1 先序遍历采用栈结构，每次把根节点出栈的时候 按照先右节点再左节点的方式入栈。
2 之前的先序遍历只是把节点数据入栈即可，这次我们需要涉及到括号 ，所以需要每次入栈的时候增加括号，按照先右括号 在左括号的方式入栈
3 唯一需要特殊处理的是 当左节点为空 但是右节点不为空的情况时候 需要入栈一个没有值的空括号

package main
import (
    "fmt"
    "strings"
)
type TreeNode struct {
    Val   int
    Left  *TreeNode
    Right *TreeNode
}
func tree2str(t *TreeNode) string {
    var str strings.Builder
    if t == nil {
        return ""
    }
    stack := []interface{}{t}
    for len(stack) > 0 {
        node := stack[len(stack)-1]
        stack = stack[:len(stack)-1]
        if n, ok := node.(*TreeNode); ok {
            str.WriteString(fmt.Sprintf("%d", n.Val))

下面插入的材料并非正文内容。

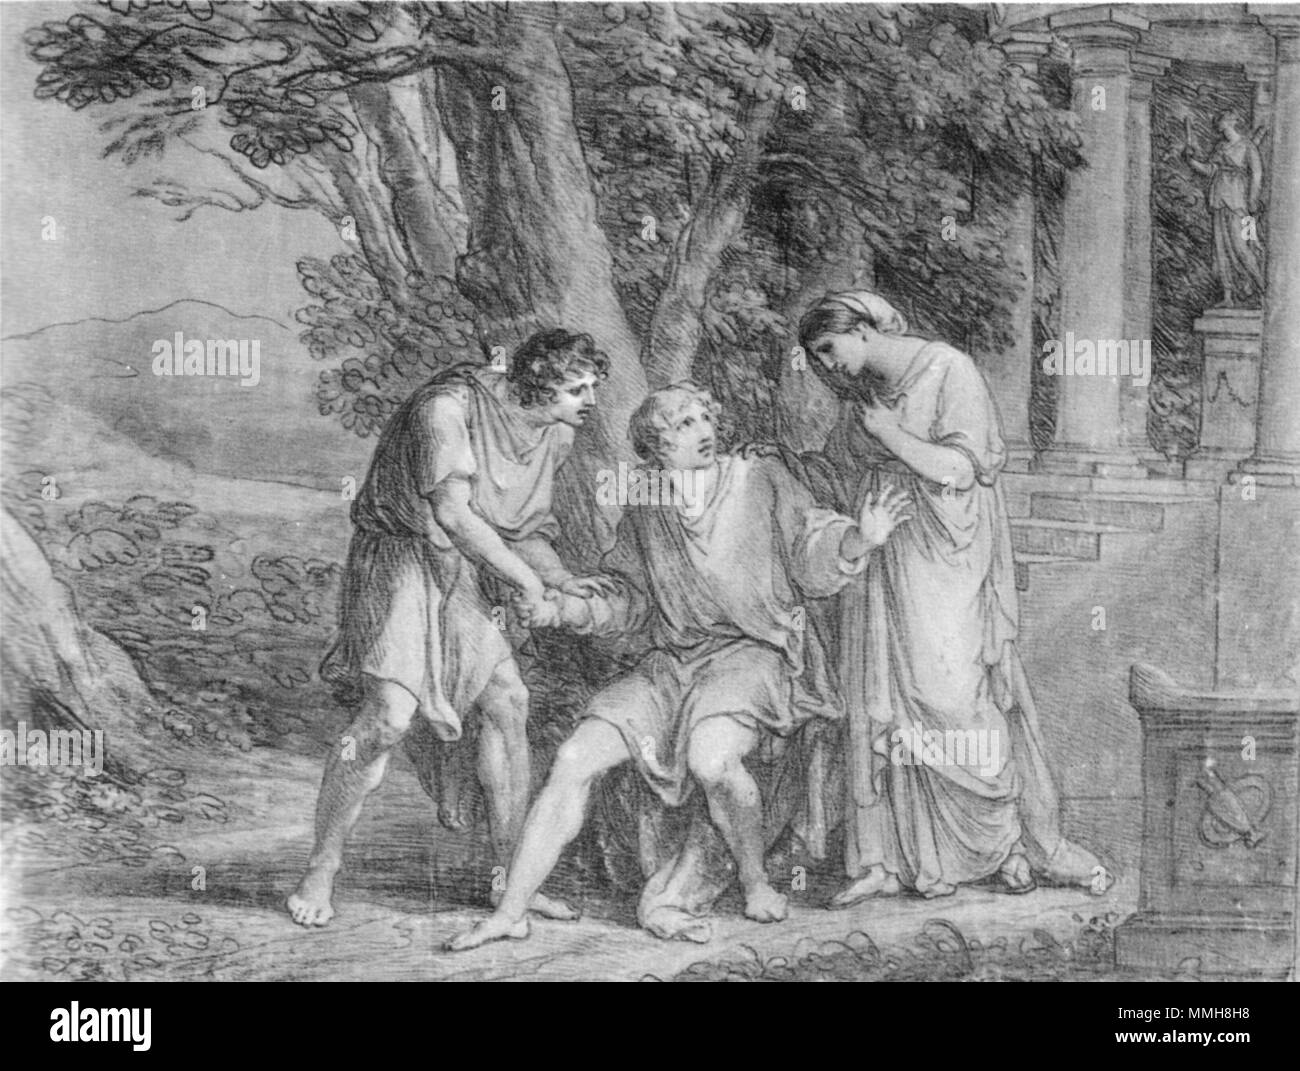 . Act three, scene three from Goethe's Iphigenia in Tauris. Drawing. Première of final version of play in Weimar in 1802. Goethe, playing Orestes, seated in the centre.  . 1802.   Angelica Kauffman  (1741–1807)      Alternative names Angelika Kauffmann, Maria Anna Angelika Katharina Kauffmann, Angelika Katharina Kauffmann  Description Swiss-British painter  Date of birth/death 30 October 1741 5 November 1807  Location of birth/death Chur Rome  Work location London, Rome, Schwarzenberg  Authority control  : Q123098 VIAF:?95148968 ISNI:?0000 0001 2321 3306 ULAN:?500115055 LCCN:?n50044673 NLA:?35 Stock Photo

            if n.Right != nil {
                stack = append(stack, ")")
                stack = append(stack, n.Right)

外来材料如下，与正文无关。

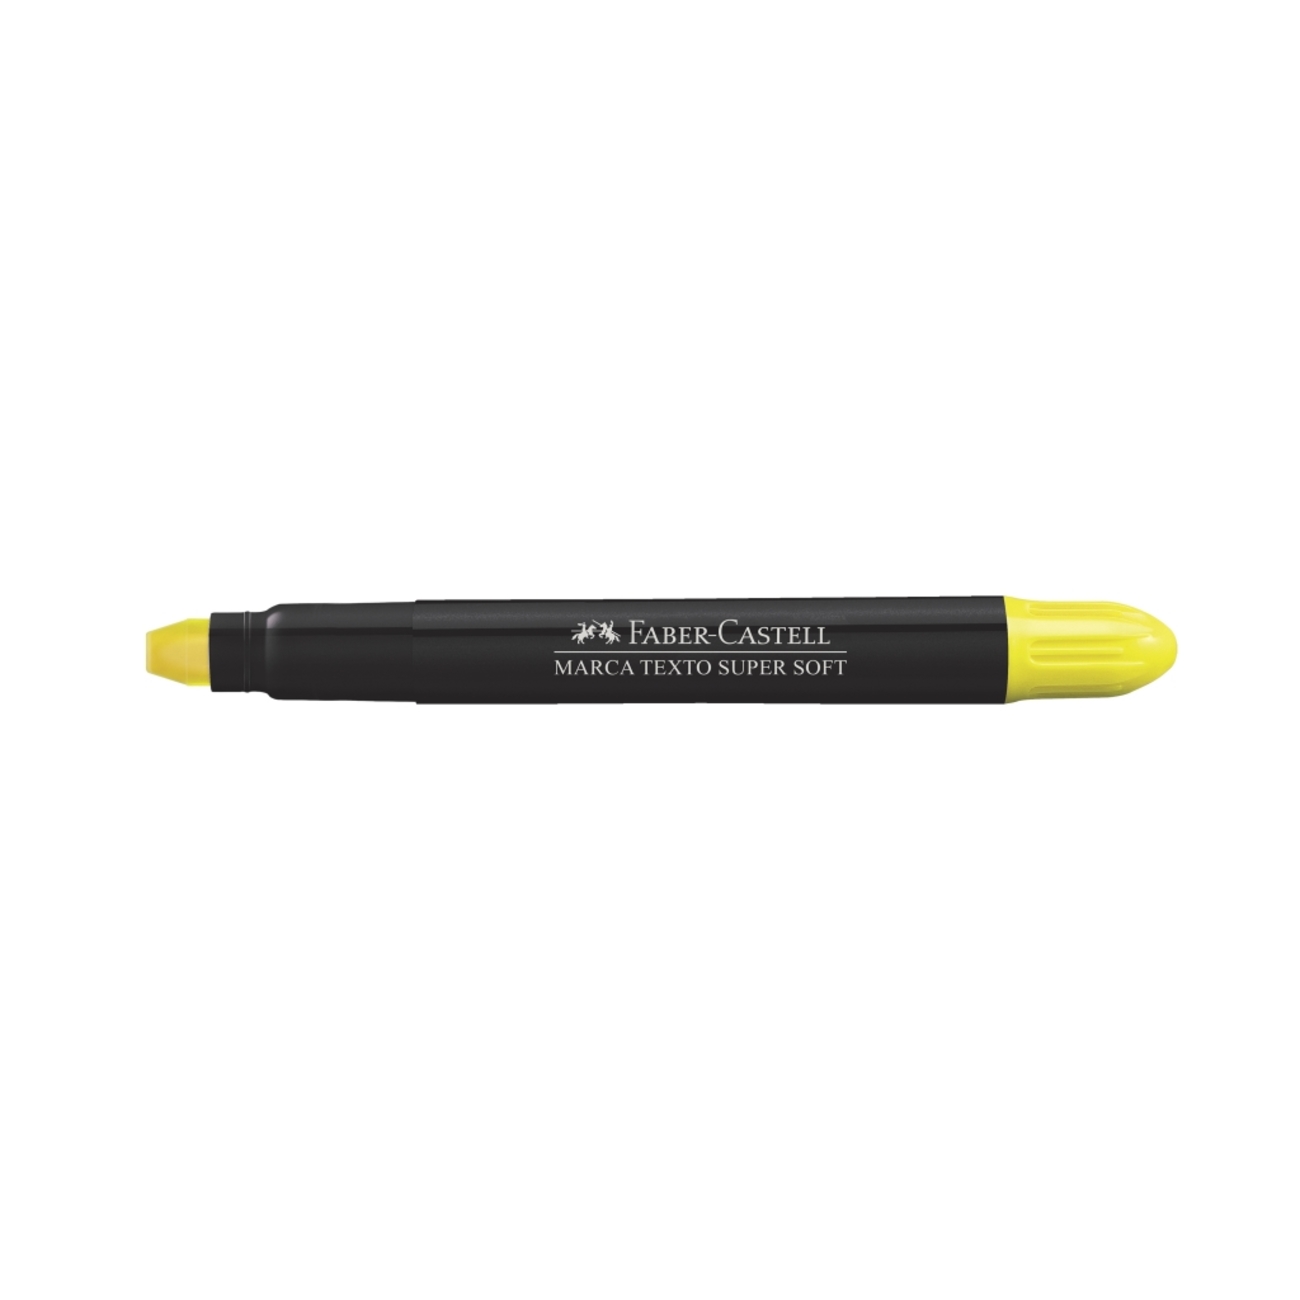 Marca Texto Faber-Castell SuperSoft Gel Amarelo 1 Cx C/ 24 Ctl

                stack = append(stack, "(")
            }
            if n.Right != nil && n.Left == nil {
                stack = append(stack, "()")
            }
            if n.Left != nil {
                stack = append(stack, ")")
                stack = append(stack, n.Left)
                stack = append(stack, "(")
            }
        } else {
            s := node.(string)
            str.WriteString(s)
        }
    }
    return str.String()
}
func main() {
    one := &TreeNode{Val: 1}
    two := &TreeNode{Val: 2}
    one.Left = two
    three := &TreeNode{Val: 3}
    one.Right = three
    four := &TreeNode{Val: 4}
    two.Right = four
    fmt.Println(tree2str(one))
    //one1 :=&TreeNode{Val: 1}
    //two1 :=&TreeNode{Val: 2}
    //one1.Left = two1
    //three1 :=&TreeNode{Val: 3}
    //one1.Right = three1
    //four1 :=&TreeNode{Val: 4}
    //two1.Right = four1
    //fmt.Println(tree2str(one1))
}